In one embodiment, the hardness of the flexible heat exchange layer 500 may be in the range of 40 (kgf/mm)²)～70(kgf/mm²) The hardness is referred to herein as shore. The thermal conductivity of the flexible heat exchange layer 500 may be 1W/(mK) to 3W/(mK). The thickness of the flexible heat exchange layer 500 is 0.1 mm-20 mm, and with reference to fig. 2 and 10, the thickness of the flexible heat exchange layer 500 is thinner at the portion matching the inner pot 200, and the thickness of the other portion is smaller so as to match the shape of the inner pot 200; it is clear that the flexible heat exchange layer 500 may also be equally thick throughout. Of course, the thickness of the flexible heat exchange layer 500 may be as thin as possible while ensuring structural strength.
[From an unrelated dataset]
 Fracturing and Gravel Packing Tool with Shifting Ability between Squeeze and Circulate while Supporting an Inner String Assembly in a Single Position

When the coefficient of the flexible heat exchange layer 500 is in the above interval, it can be ensured that the inner pan 200 and the flexible heat exchange layer 500 are sufficiently contacted, thereby ensuring the heat conduction efficiency of the refrigeration part 400. The flexible heat exchange layer 500 of the embodiment of the present invention may be made of any conventional material as long as it is within the above range.
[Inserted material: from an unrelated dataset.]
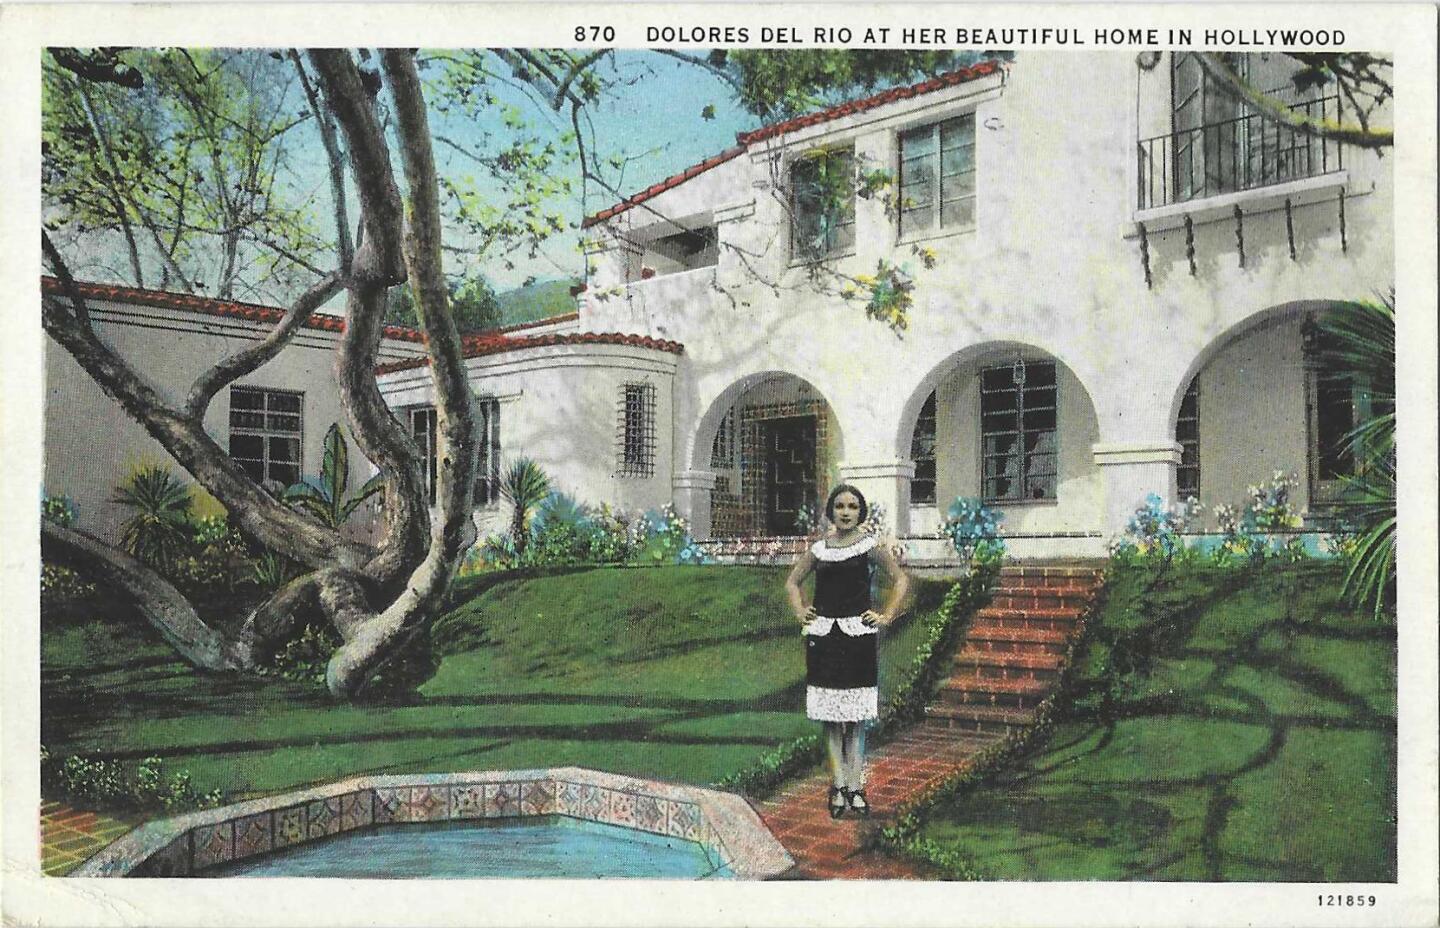 Dolores del Rio — an actor, singer and dancer with successful careers in Hollywood and Mexico — in front of her Spanish-style home in a postcard from Patt Morrison's collection.

According to an embodiment of the utility model, the surface of the flexible heat exchange layer 500 may be provided with an oleophobic coating to ensure the oleophobicity of the flexible heat exchange layer 500.

According to an embodiment of the present invention, the cooling part 400 is formed with a cooling passage 401 through which a refrigerant flows. And then the cooling to the food in the culinary art chamber is realized through the refrigerant that circulates in refrigeration passageway 401. A refrigerant capable of performing phase change may be introduced into the refrigeration channel 401, and heat of the food is taken away by the phase change of the refrigerant. Of course, the cooling channel 401 may also be filled with a cooling medium having a temperature lower than the temperature of the food in the cooking cavity, so that heat exchange occurs between the cooling medium and the food in the cooking cavity.

According to an embodiment of the present invention, the refrigerating part 400 includes an evaporation coil 402, and the inside of the evaporation coil 402 forms a refrigerating passage 401. At least part of the liquid refrigerant in the evaporating coil 402 is evaporated into gaseous refrigerant, and absorbs the external heat to cool the food in the cooking cavity.

In one embodiment, the evaporator coil 402 is coiled in multiple turns along the height of the pot. The evaporating coil 402 may be, but is not limited to, a copper tube or an aluminum tube having a relatively good heat exchange effect and bending strength.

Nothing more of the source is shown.